Прошелся Мещеряков по крыльцу туда-сюда. Он будто бы себя видел со стороны, оттуда, с площади.
Глаза у него голубые, в кругловатых веках, розовые губы чуть припухшие. И глаза и губы на ребячьи смахивают, кожа на лице розовая – загар ее никогда не берет. Из-под светлой мерлушковой папахи выбивается волос с рыжинкой, а усики темные. Невысокий, но крепкий, ловкий мужик, а еще – радостный. Это Ефрем о себе знал: когда ему хорошо, когда он про себя знает, что не сплоховал, – на него и людям глядеть радостно, а у баб – у тех сердце вовсе замирает. Война войной, кровь кровью, горе горем, но и осанка, и хромовые сапоги на главнокомандующем – дело тоже не последнее!
Ну вот, на вид соленопадцы Мещерякова узнали. Не то что глазами – вроде даже руками он каждому дал себя пощупать.
Теперь надо было подать голос, сказать слово. Дело уже труднее. Но – начинать надо. Начинать, не опаздывать. Как в бою: есть первый успех – развивай его и закрепляй, не мешкая.

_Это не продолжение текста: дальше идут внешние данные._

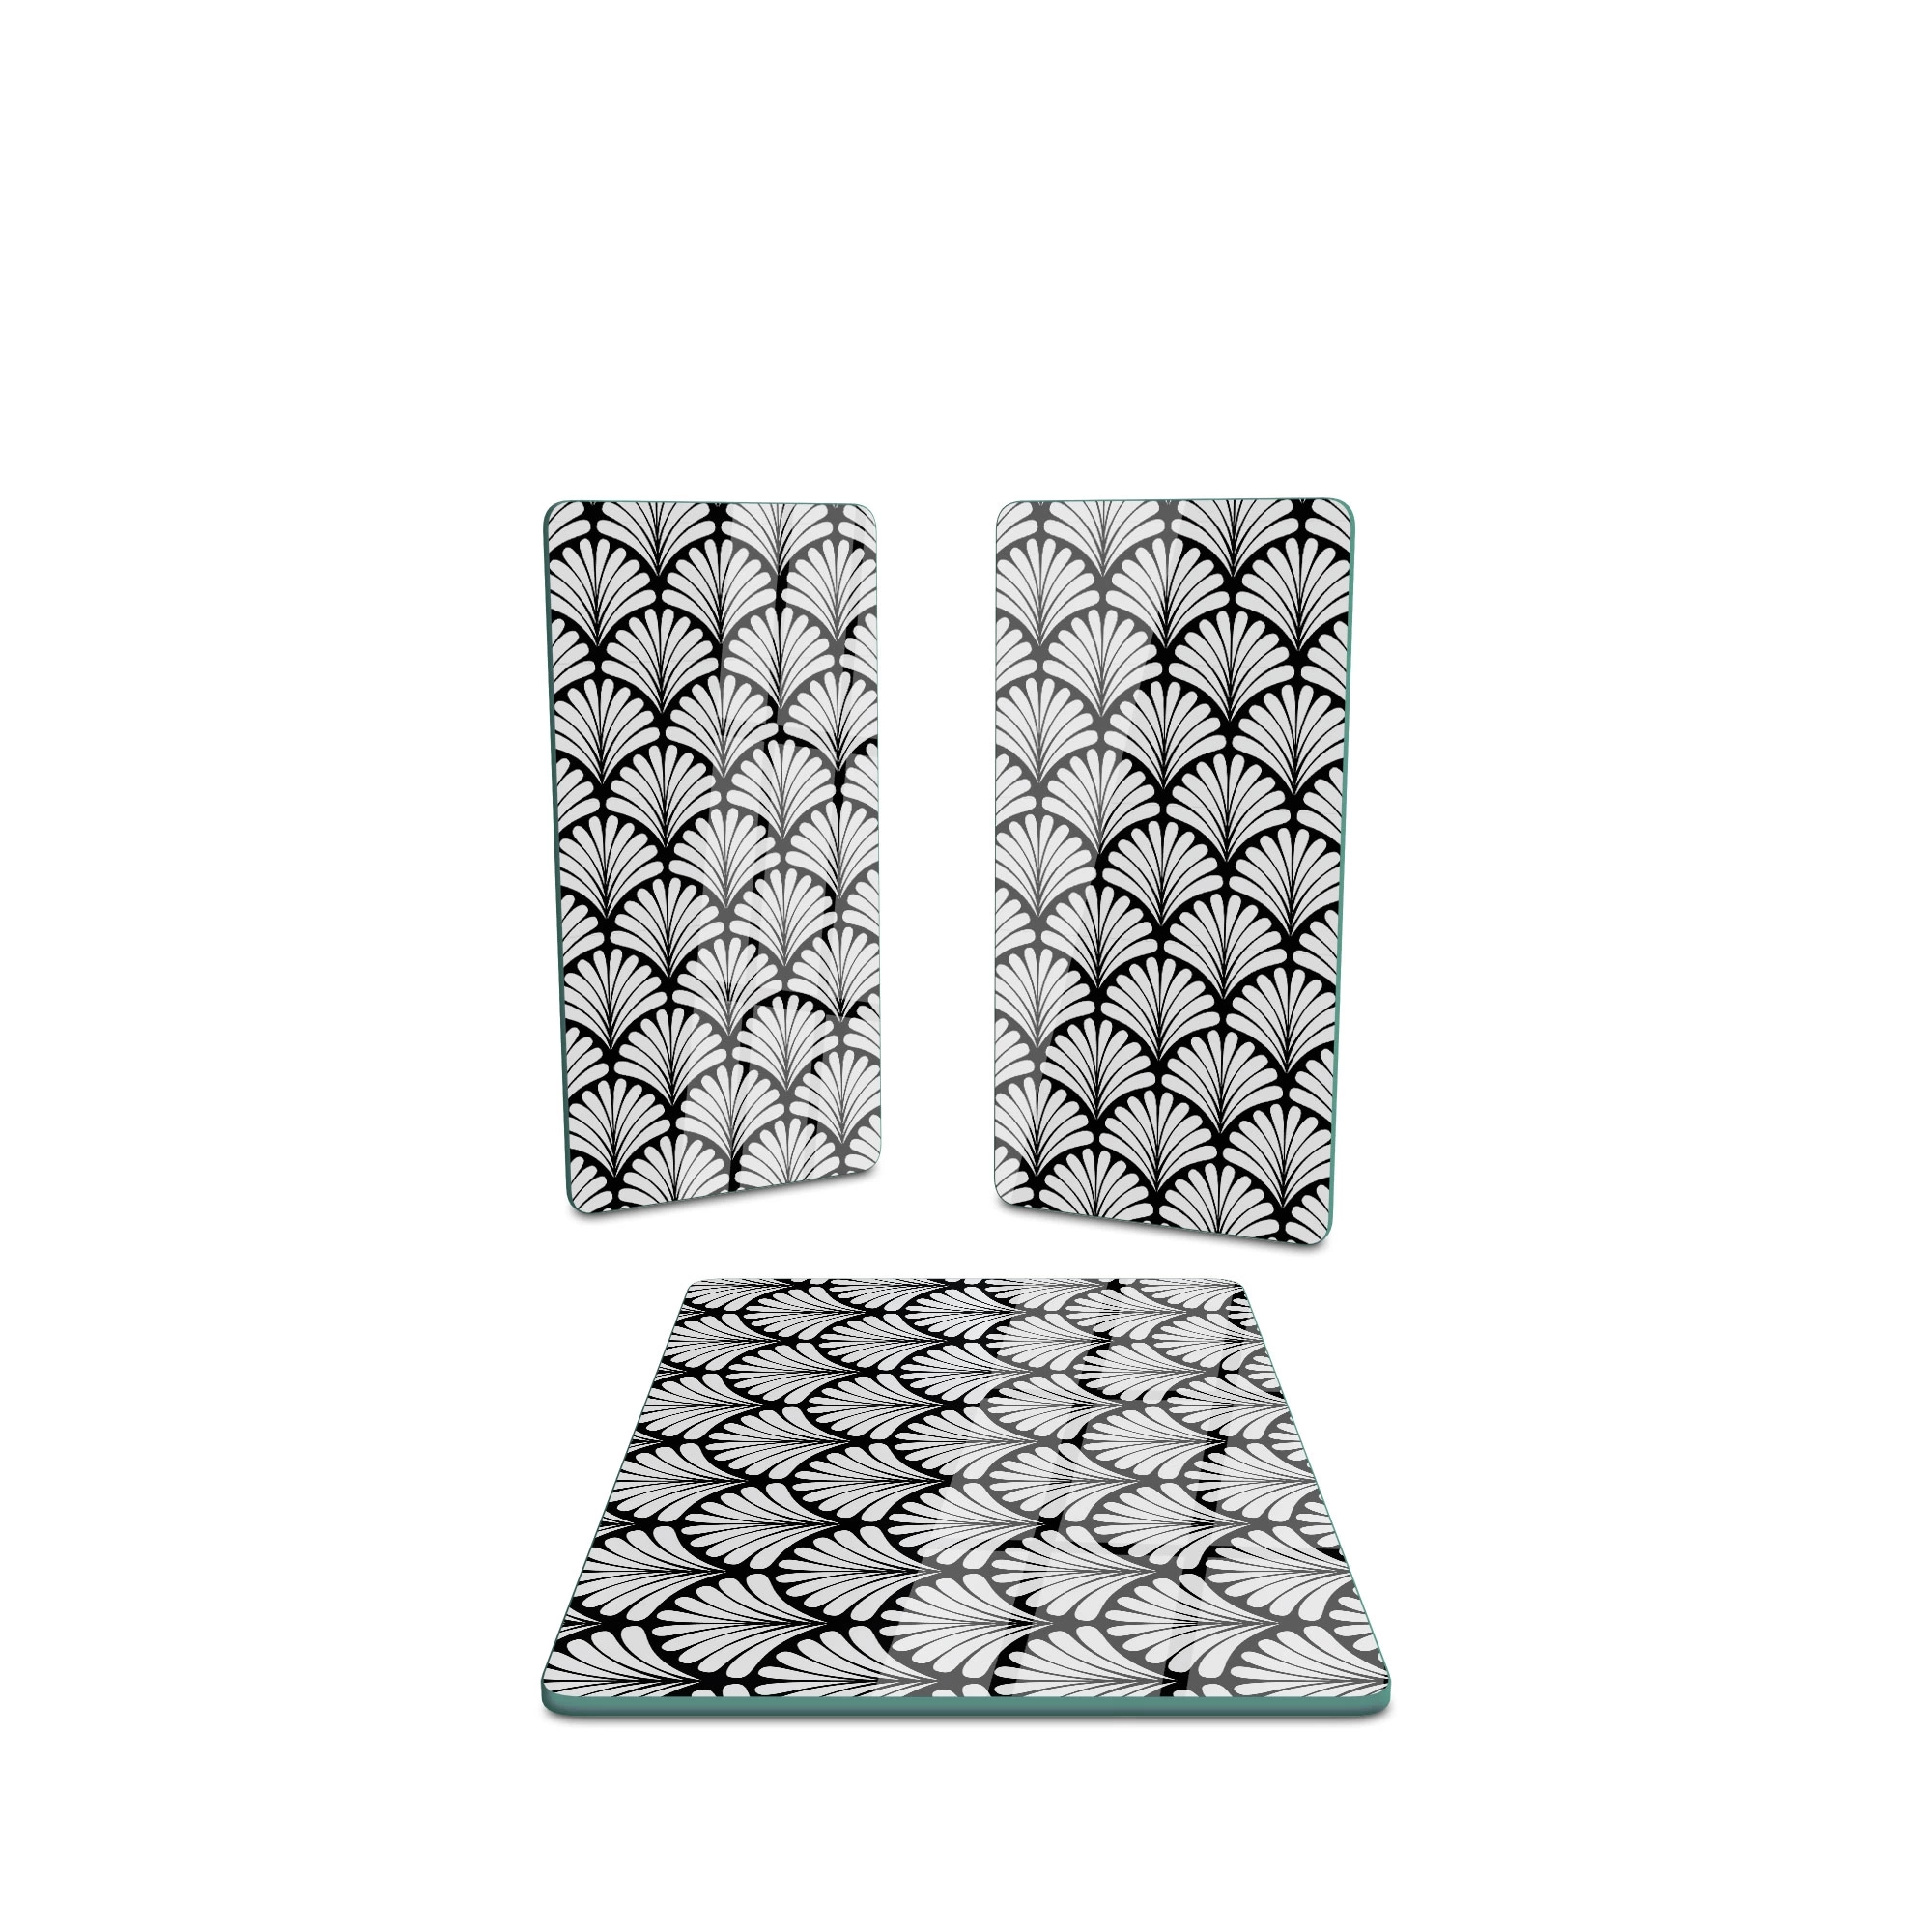 Decovetro Cam Sunum Servis Tabağı 3lü Dikdörtgen Set Siyah Beyaz Geometrik Desenli

А голос у Мещерякова был тоненький.
Крикнуть, команду подать – это получалось, а вот речи – дело не мужицкое, интеллигентное дело, должно быть, поэтому оно и не давалось ему никак. А тут, на площади, речь была ему особенно не к месту потому, что он хоть и слегка, а лысый был. Тридцать лет, а сзади лысинка, о ней никак не забудешь. Тут недавно один мужик, и не то чтобы сволочь, а все-таки сказал ему, будто у бобылей лысина растет спереди, а у бабников – сзади.
Произносить же речь в головном уборе тоже плохо, к народу непочтительно. В строю, перед солдатами, – там еще можно в шапке говорить, мало ли что между мужиками бывает? Там – строй. Подчинение. И то большой начальник, полковник или даже генерал, когда хочет к строю без команды речь сказать, и то, бывает, шапку скидывает.
Но говорить в головном уборе перед народом, перед женщинами, перед стариками?
И Мещеряков вот что придумал.
– Товарищи! – крикнул он и потянулся будто к папахе, хотел ее сбросить, но повременил. – Товарищи, вот я к вам обращаюсь со словом…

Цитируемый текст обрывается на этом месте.